Every CLI that produces parseable transcripts feeds the same
`dialog_messages` table with a `source` tag, so `dialog_search()` finds
matches regardless of where the conversation happened. Claude Desktop
and the VS Code adapter are the exceptions — MCP registration only;
their chats don't reach the table for now (Electron IndexedDB on the
Claude Desktop side; per-extension stores on the VS Code side).

VS Code's user-level `mcp.json` is the central host that **every
MCP-aware VS Code extension** consumes — GitHub Copilot Chat, the
Anthropic Claude IDE plugin, the OpenAI Codex IDE plugin, Continue,
Cline, … — so a single registration there reaches all of them at once.

Adding a new CLI = one file under `threadkeeper/adapters/` implementing
the `CLIAdapter` contract. See [CONTRIBUTING.md](CONTRIBUTING.md).

---

## Core systems

### Spawn — primary parallelism primitive

`spawn(prompt, slim=True, role=..., visible=False, ...)` launches a child
Claude session via a `claude -p` subprocess.

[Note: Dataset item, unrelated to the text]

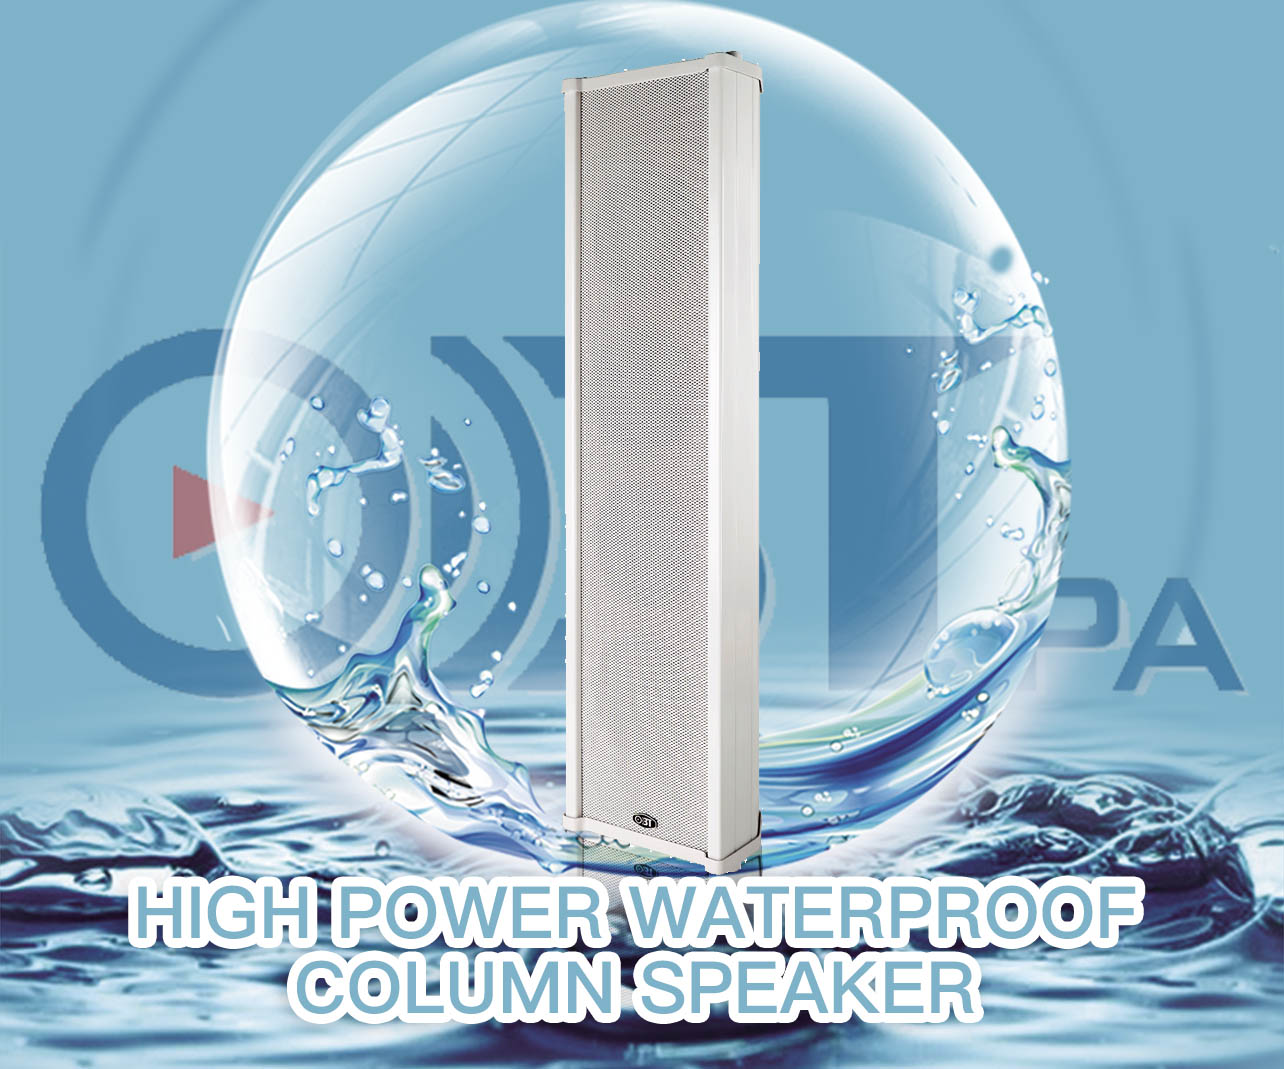 High power waterproof column speaker

By default `slim=True`: the
child loads only the thread-keeper MCP, no embeddings, no third-party
servers. ~500 MB RSS versus ~1.3 GB for a full child. Heuristic for the
parent: N≥2 modular independent units of ≥5 min each = spawn signal.

A daemon measures combined child RSS every 10 s; admission control
refuses a new spawn that would exceed `THREADKEEPER_SPAWN_BUDGET_MB`
(3 GB default). Slim children that need semantic search delegate to the
parent via `search_via_parent` — no per-child copy of sentence-transformers.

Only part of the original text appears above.